Pouring Into Their Own Cups

Because Kira’s everyday schedule has become predictable, she gets to enjoy downtime when Ellie takes her naps. “I take time to cook and prepare our family meals—which I really enjoy doing. I am also grateful that Ellie is very comfortable with both families and we can easily leave her under their care whenever we decide to go out for dates or errands.”

“When she’s still asleep in the morning, I get to go out once in a while to do the grocery or have me-time at the salon. Lastly, and most importantly, there’s GrabFood and FoodPanda! And Netflix! Find what makes you happy.”

For Joy, doing her skincare routine or watching her favorite shows after putting Aquila to sleep are her forms of self-care. “I can still do some of the things I used to do for leisure when I was single. Only now with a husband and toddler in tow. Self-care for me in this phase of life is doing leisurely things with my toddler and husband. On weekends, we go to the mall or just about anywhere together. We sometimes go to UP and stroll. Or we have playdates with friends who have babies, too.”

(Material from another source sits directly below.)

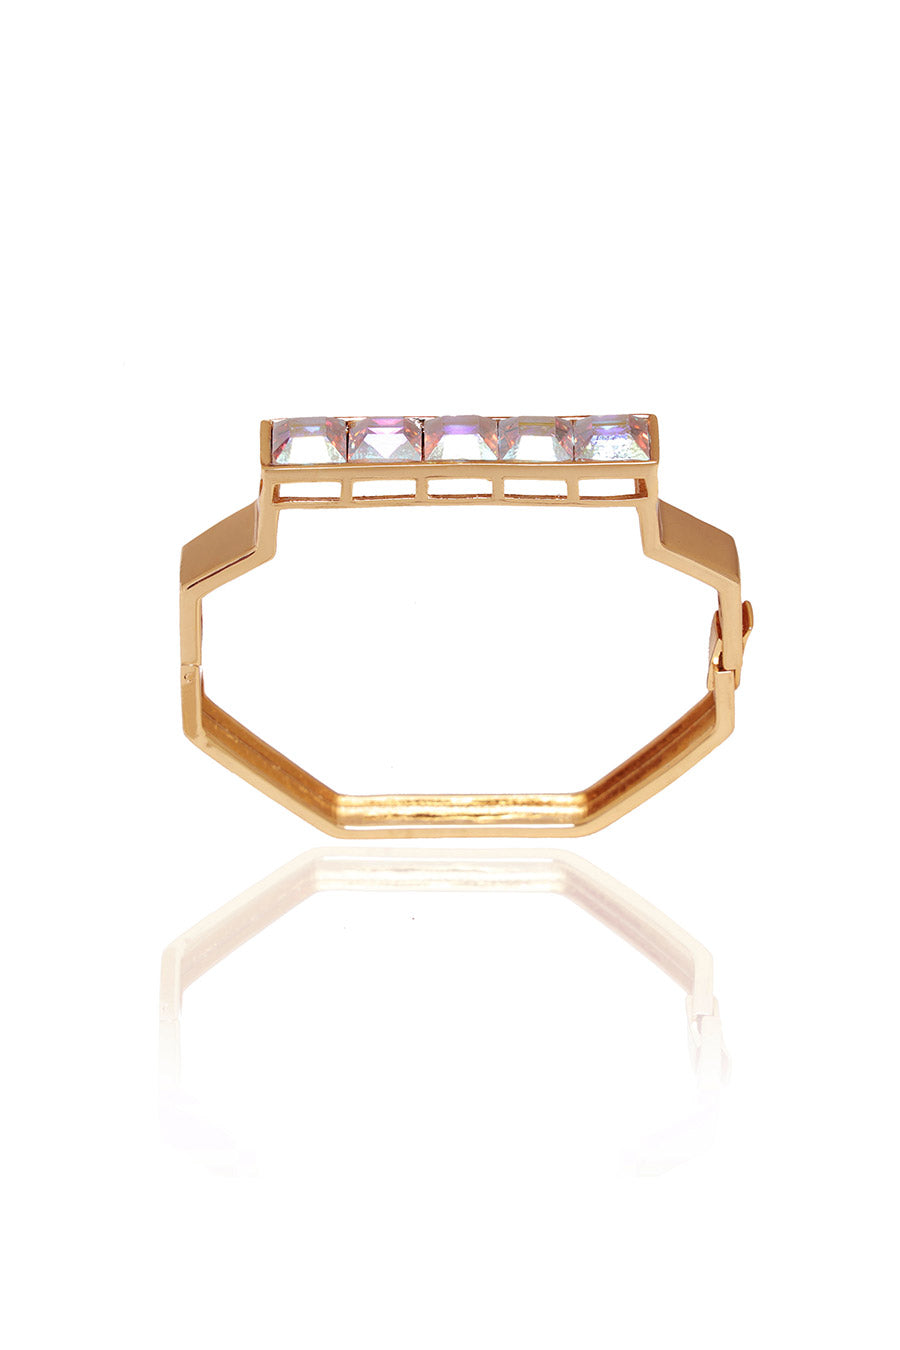 Golden Tan - Reflective Swarovski Kada Bracelet

Tips from These Working Moms with Toddlers

Everything is a learning experience in parenting. And for both Joy and Kirae, it’s about finding what works for them and their families.

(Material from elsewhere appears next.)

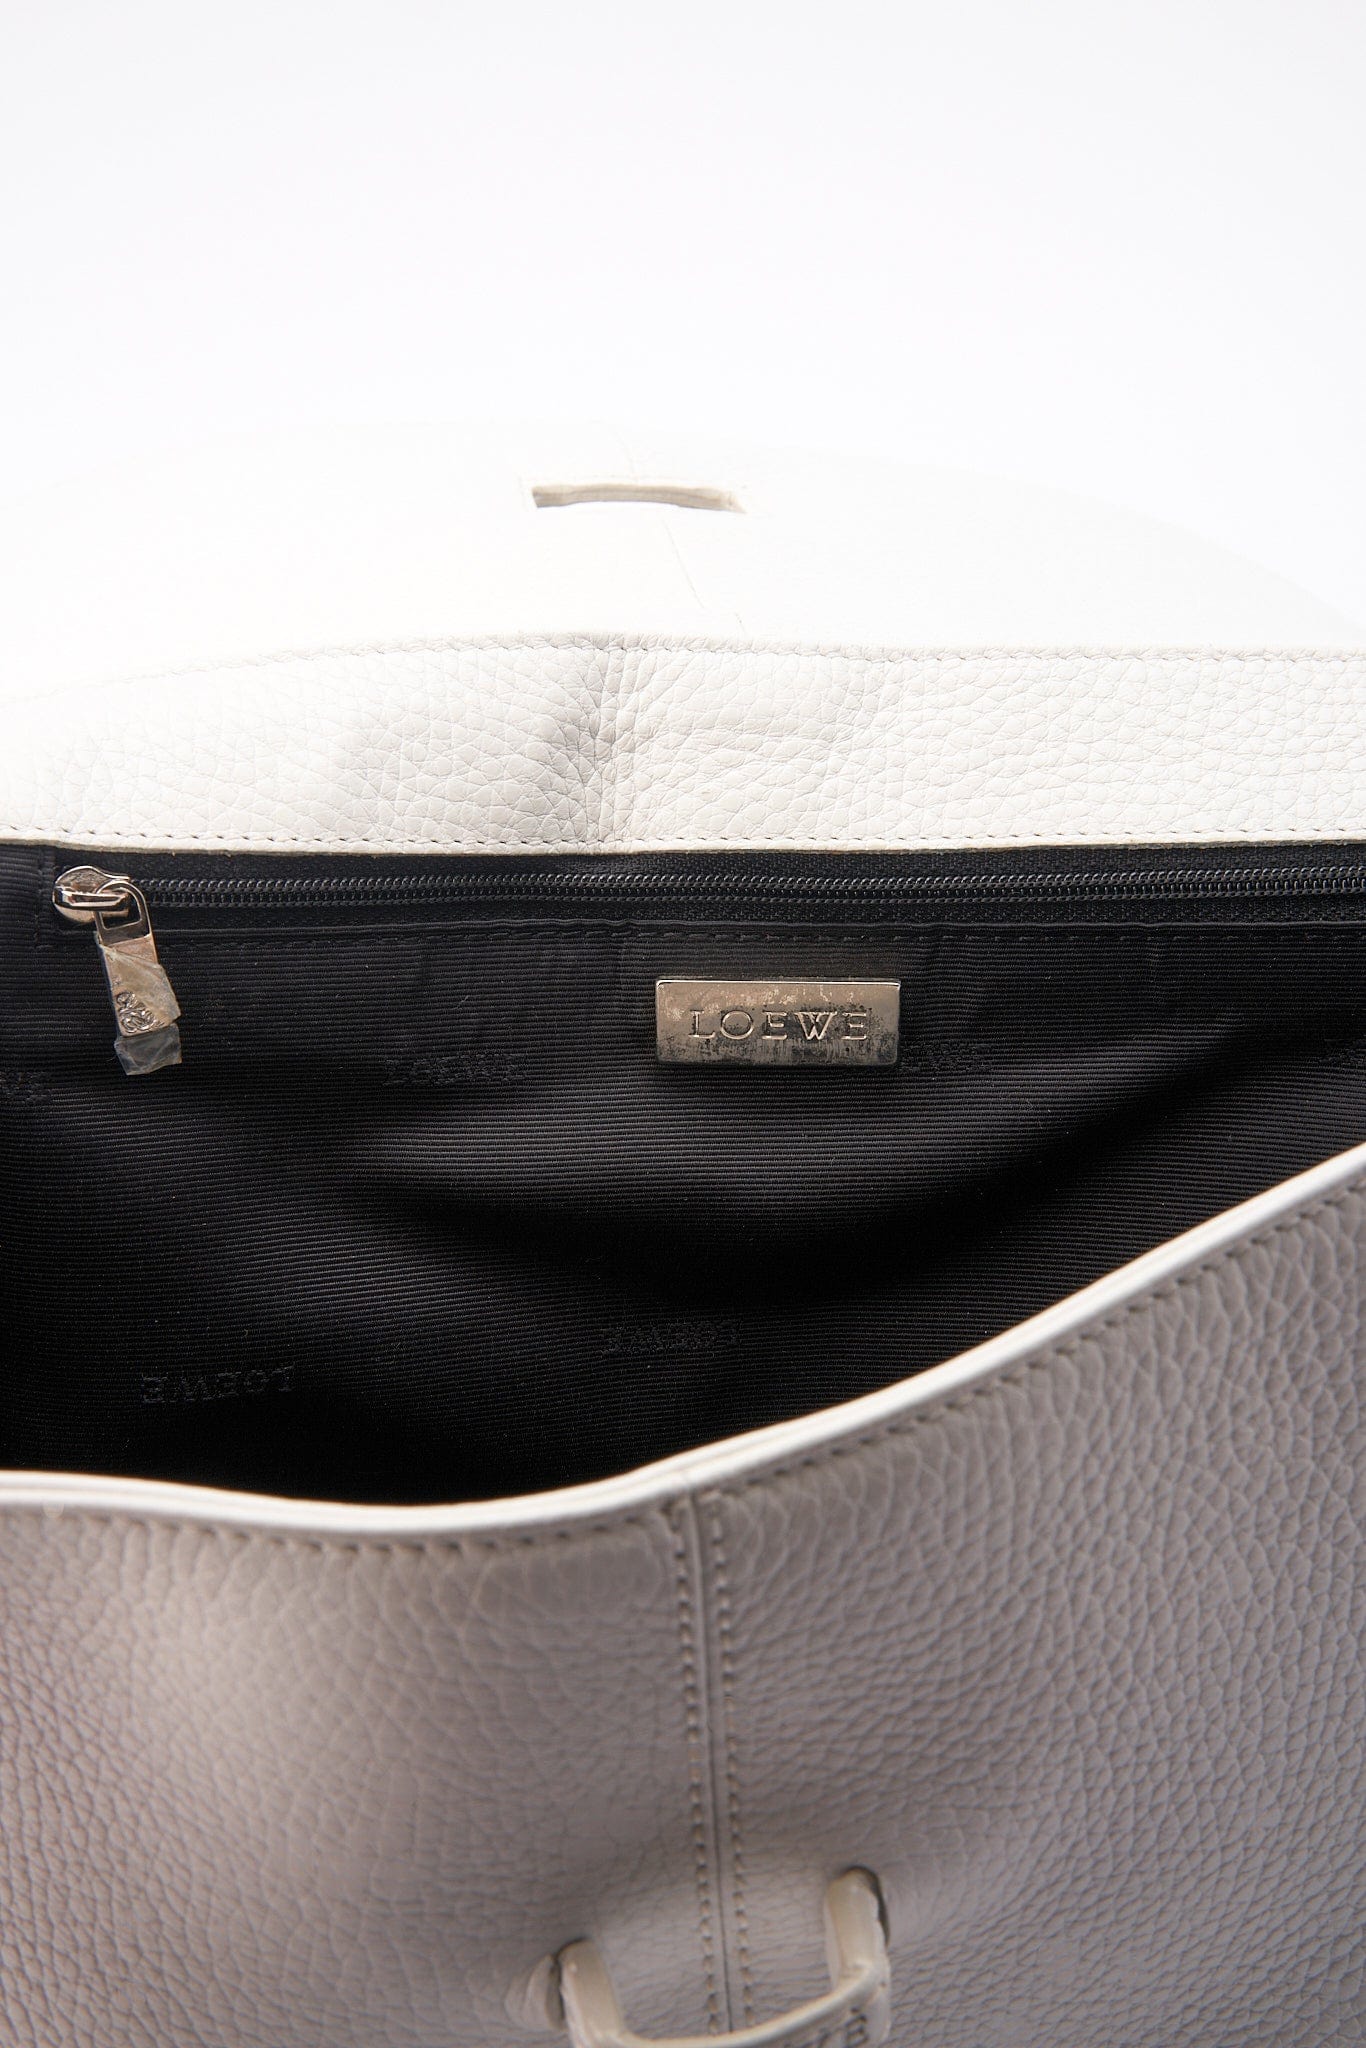 Vintage Loewe White Leather Shoulder Bag

“If you have a clingy baby, try to involve him in housework. It’s an instant activity for him and you are able to get stuff done as well,” says Joy. “When I need to buy stuff at the convenience store, I babywear him or have him walk with me. Sometimes, I fold the clothes with him. He may mess up the ones I’m folding, but it’s a fun learning experience for him. You may show him how you cook his meal or involve him while you do it—such as letting him hold the eggbeater and guiding his hands while he beats the egg.”

Joy and Aquila

Both moms believe in establishing a routine that works well for the whole family. “You do you,” advises Kirae. “I cannot reiterate how having routines in place saved our sanity, our sleep, and our parenthood from the beginning. We can very much attribute Ellie’s joyful demeanor to our routines as we’d like to believe she feels secure through these. We’re happier parents because it doesn’t feel like a guessing game every day and we often know what needs to be done next. Because of our routines, we get to practice self-care, schedule pasyals, and enjoy our rest, too. Happy parents, happy child!”

“Take it one day at a time so you don’t get overwhelmed,” Joy adds. “Some days are easy. And some days will be super hard you’ll find yourself crying in the bathroom. But remember that this is just a phase. It will not always be like this. The day will come when they won’t need us as much as they do now. So let’s cherish every moment and every challenge.”

“Choose to be grateful every day,” Kirae finishes. “In this pandemic season we’re in, it’s so easy to envy or compare our lives with others. It’s inevitable to feel how our lives can be so routinary because we stay at home most of the time. Counter negative vibes or thoughts by remembering every blessing you are grateful for. It could be a sumptuous meal, food delivery, good sleep, or a good work day. Big or small, celebrate every good thing and every moment that you have as a family. Every day, I am grateful that both Andrew and I are 100% hands on with our daughter. No matter how exhausting it can get.”